"Play us a waltz, Caroline, there's a love; the very liveliest you can find. Tiny and I want to try the boards while we can enjoy them to perfection, that is, when we are the only persons in the room."

"You must excuse me, Percy," she replied somewhat pettishly. "I should think you would have dancing enough in the course of the evening; and what will our friends think, if they come and find me playing?"

"Think? why, that you are very obliging, which at present you are not," answered Percy, laughing; "never mind, Emmy; let us try what our united lungs will do."

"You may if you like, Percy, but really I am not clever enough to dance and sing at the same time—I should have no breath left," was her as joyous rejoinder.

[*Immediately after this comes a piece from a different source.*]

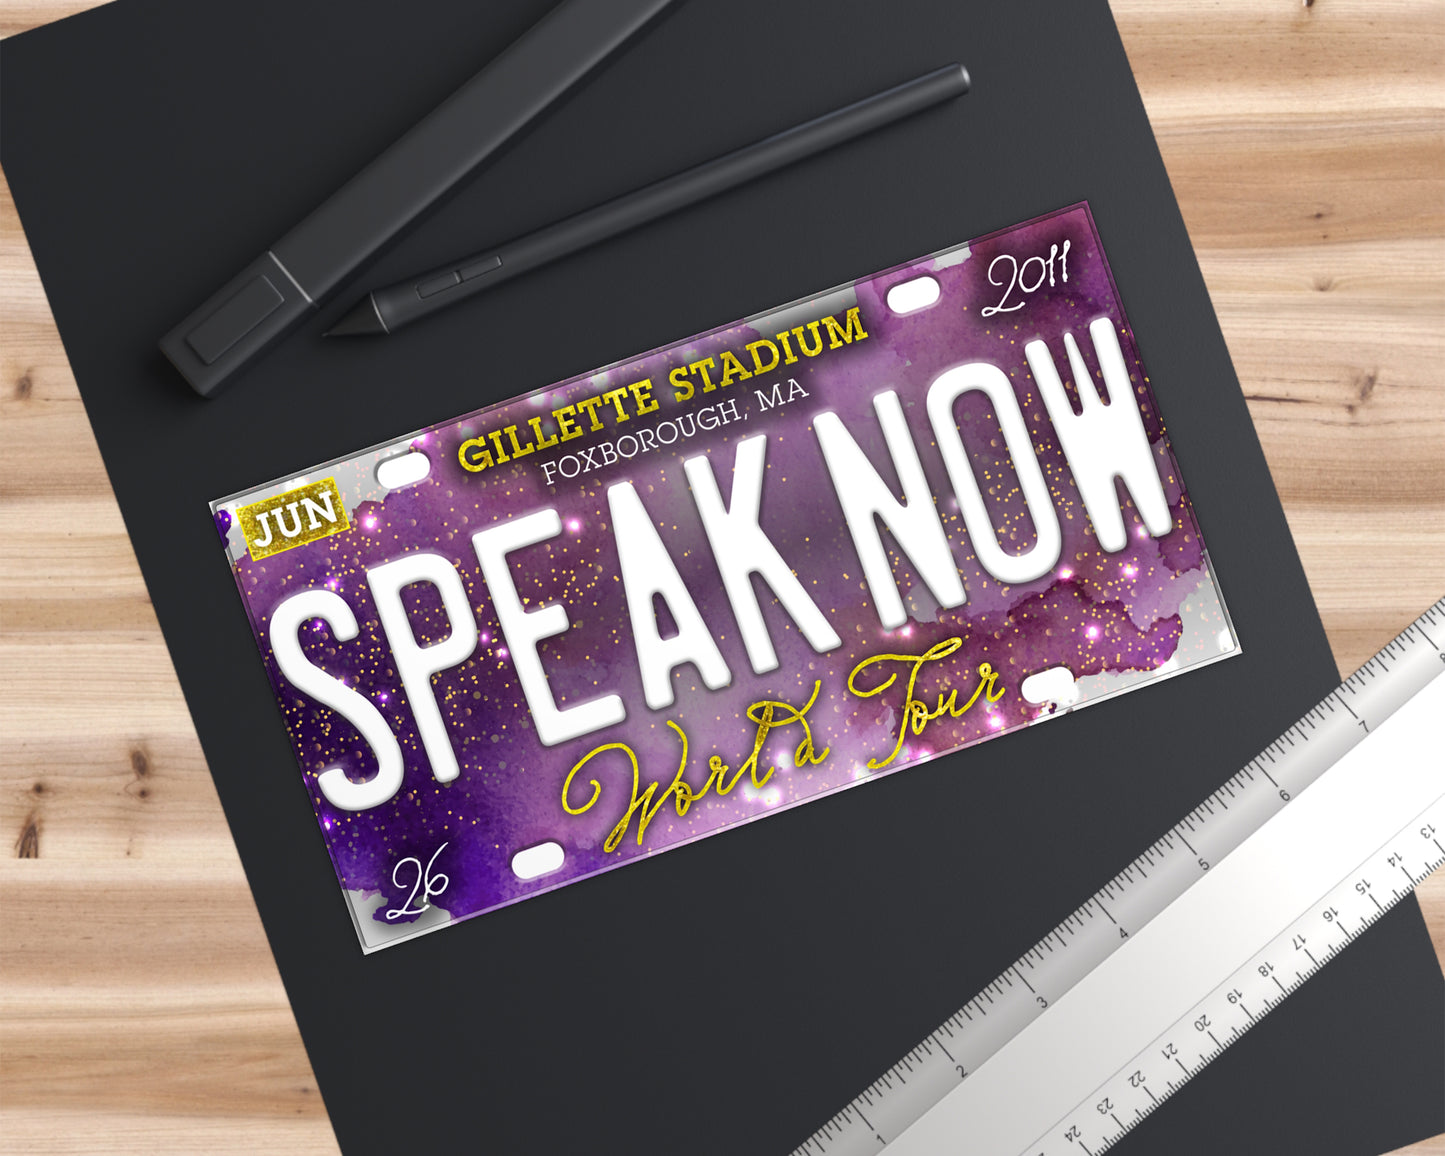 Speak Now World Tour bumper sticker
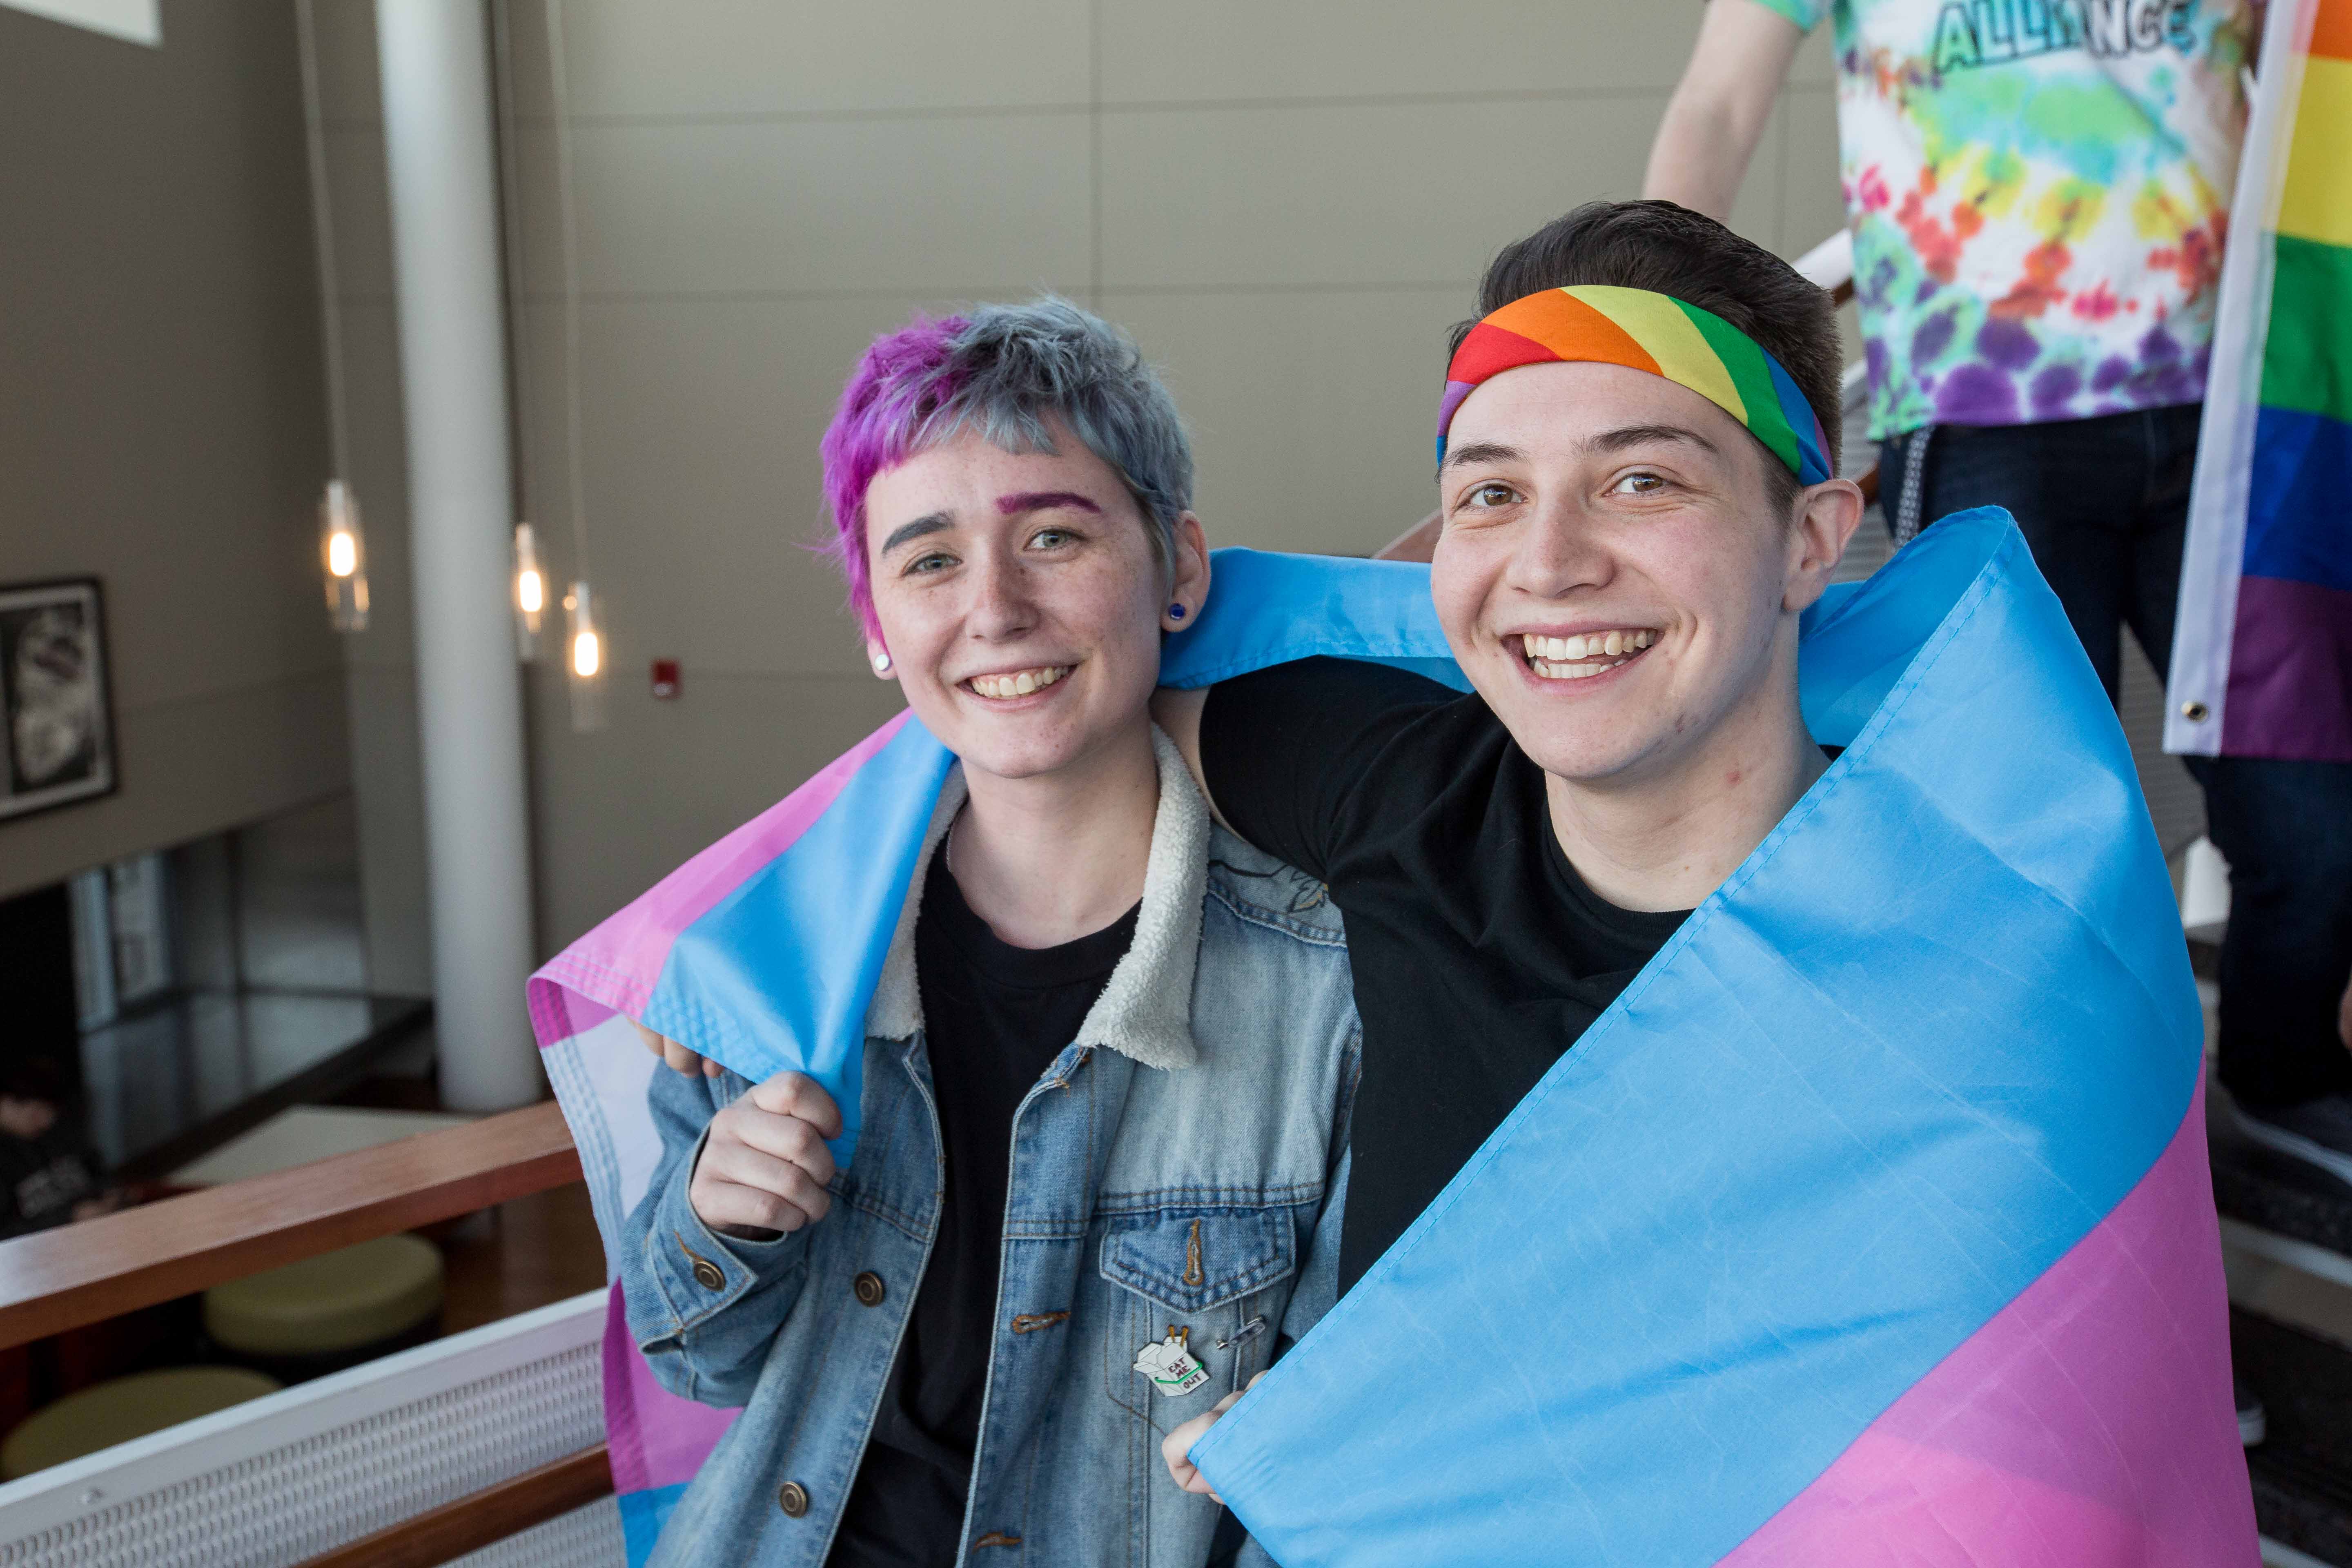 Students wrapped inside transgender flag

"Come and dance, Caroline, if you will not play;" exclaimed Edward, who after decorating his button-hole with a sprig of holly, seemed seized with Percy's dancing-mania. "Do give me an opportunity of practicing the graces before I am called upon to display them."

"My love of dancing is not so great as to attempt it without music, so practice by yourself, Edward," was Caroline's quick reply.

"Without spectators, you mean, Lina," observed her brother, very dryly; and as Emmeline begged him not to tease her, he asked—

"What has put her in this ill-humor, Emmy?"

"Oh, I don't know exactly; but if you let her alone, she will soon recover it."

"Well, to please you, I will; for you look so pretty to-night, I can not resist you."